If memory serves, Kevin Myers and Mark Steyn are friends, or at least friendly acquaintances. Perhaps Myers was impressed with Steyn's recent run-in with a bizarre administrative speech-regulating tribunal in Canada. Anyway, Myers has drawn the wrath of the Immigrant Council of Ireland for this column from last week's Indo. They've zeroed in on --
They [non-African and once war-torn countries] are now -- one way or another -- virtually all giving aid to or investing in Africa, whereas Africa, with its vast savannahs and its lush pastures, is giving almost nothing to anyone, apart from AIDS.
But read the whole thing.
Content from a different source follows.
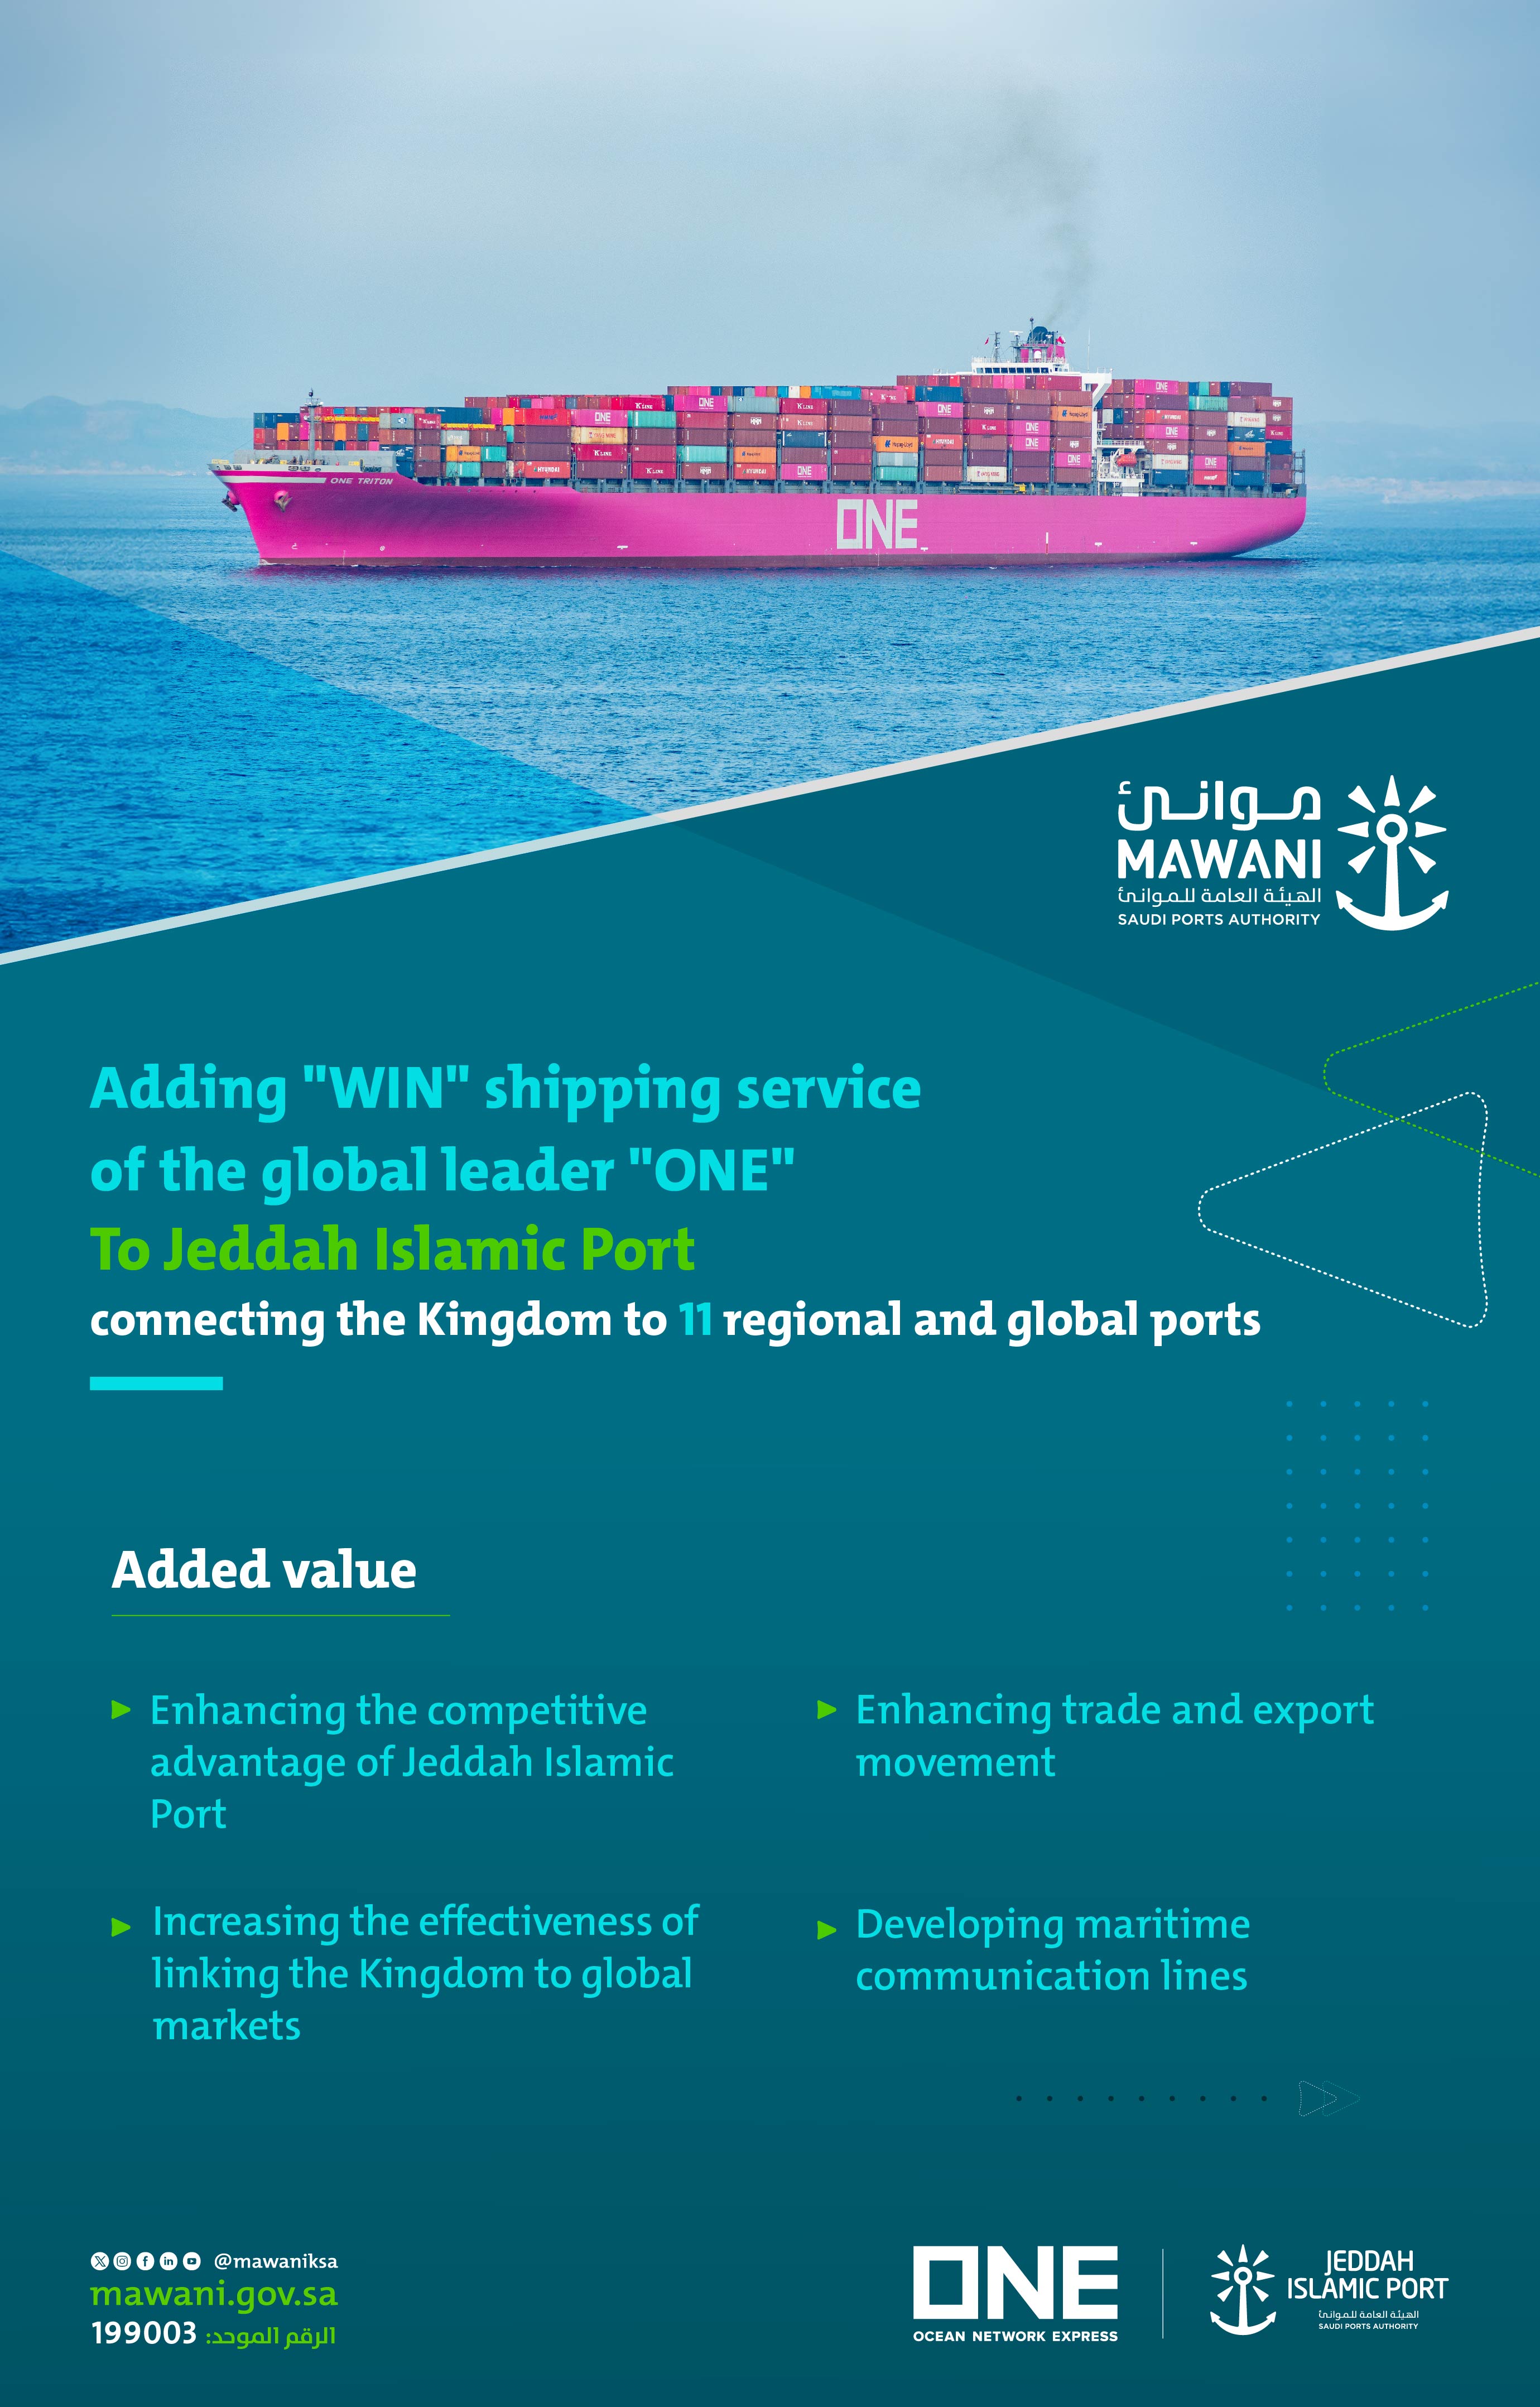 The addition of the WIN Cargo Service by ONE to Jeddah Islamic Port will boost maritime connectivity and contribute to global economic growth.
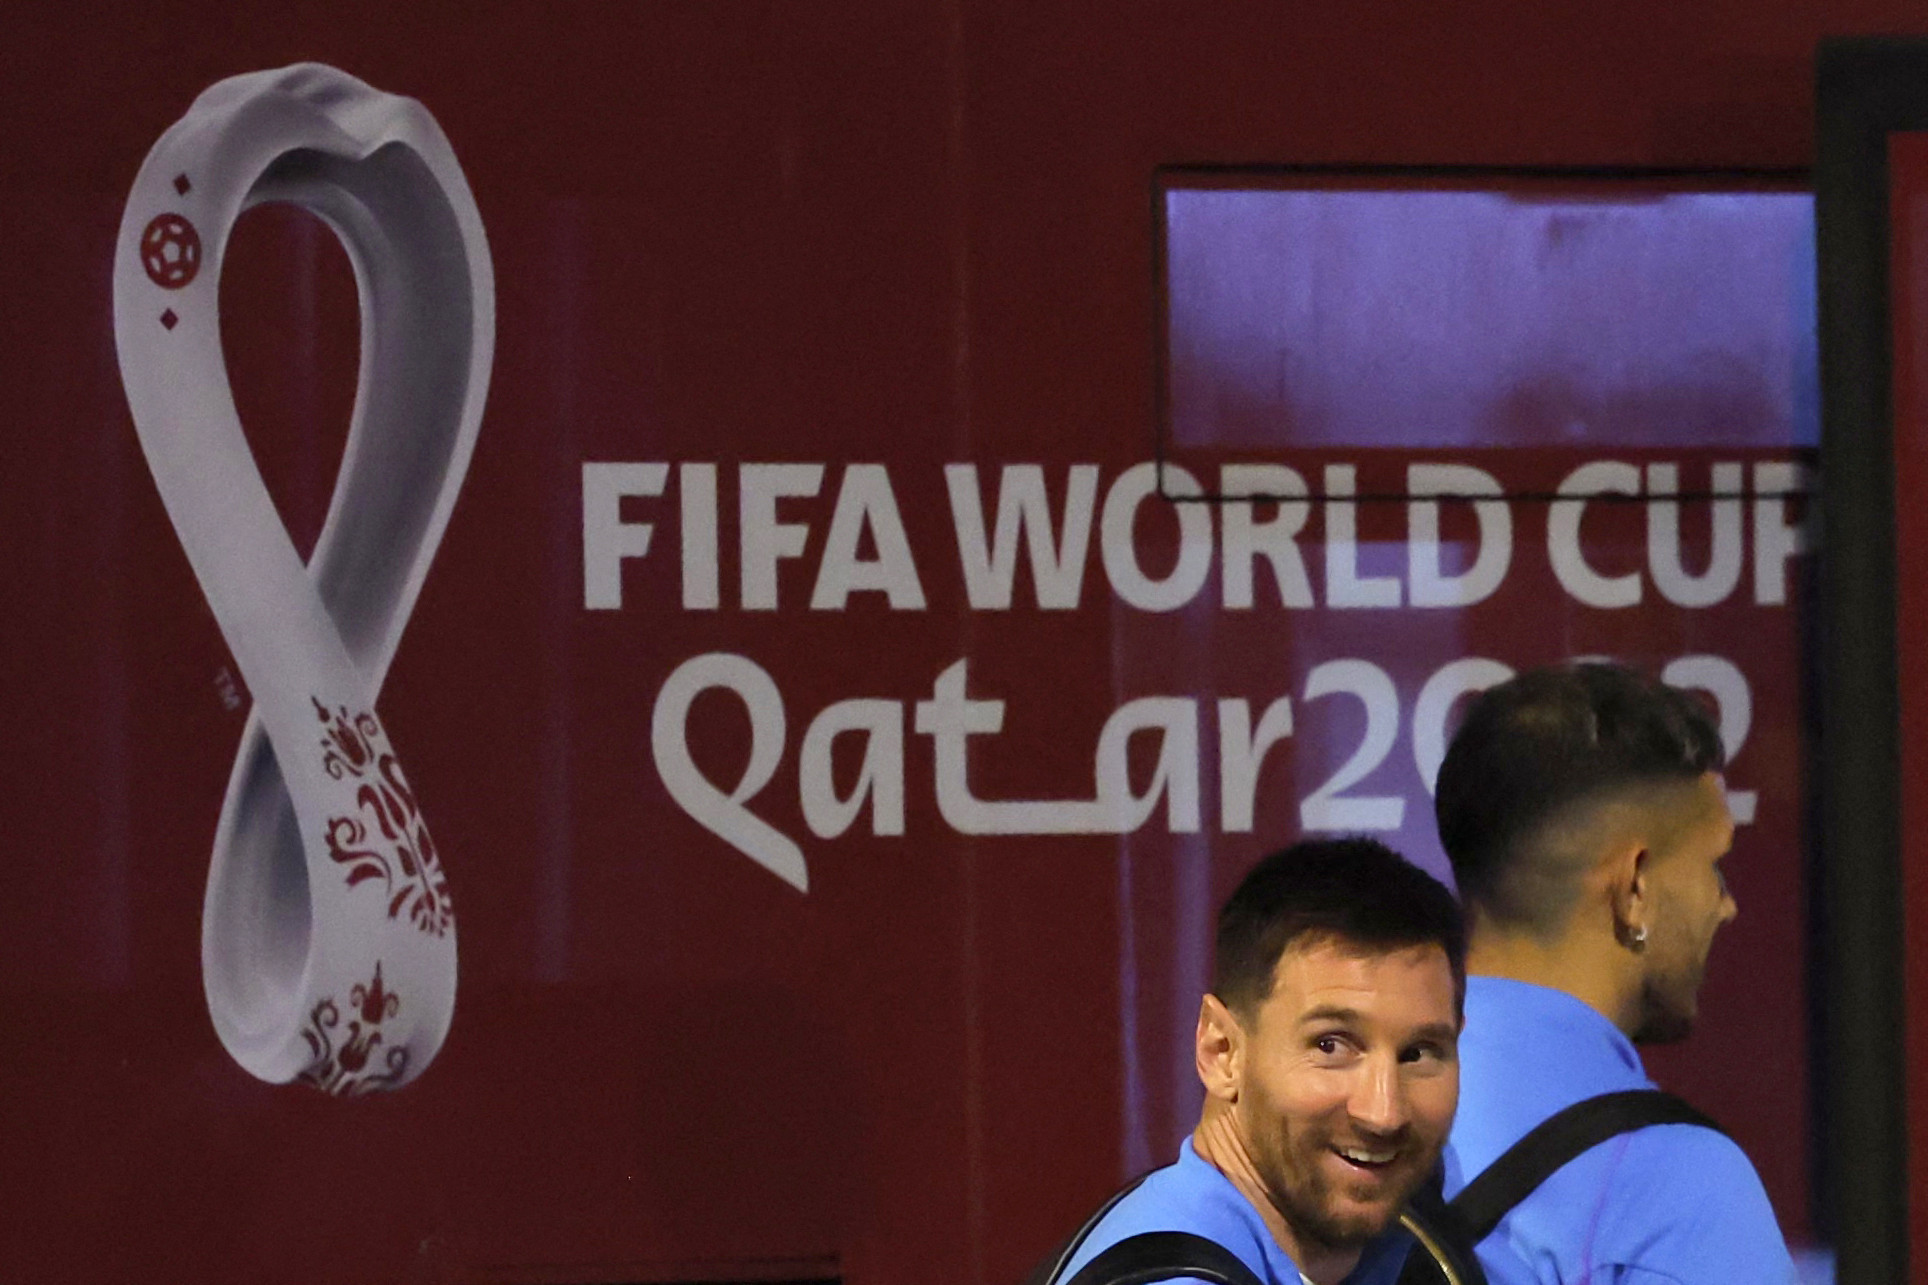 Last chance saloon for Messi at FIFA World Cup in Qatar as Argentina among favourites

It's harsh but heartfelt -- not heartless -- and surely within the range of depressing but not unwarranted Afro-pessimism. He uses Ethiopia as an example because of its large and recurring famines. He doesn't mention the lunacy of its expensive -- and Bush-inspired -- military adventure in Somalia, while people in both countries starve. But here's another example. Niger. Is it obvious why so many people continue to live there, with the Sahara on the march every day (and uranium sales to Saddam no longer the gravy train they once were)? There's not much hate-speech in what he's arguing.
In fact, one thing that we're fairly unaware of in the rich west is what being right next to a chaotic African civil war is like. Ask a South African (other than Thabo Mbeki). You just don't know whether that angry teenager in the street was just a few months ago an angry gun-toting teenager in, e.g. the DRC. It's a different calculation than rushing to the media to complain about offensive newspaper columns.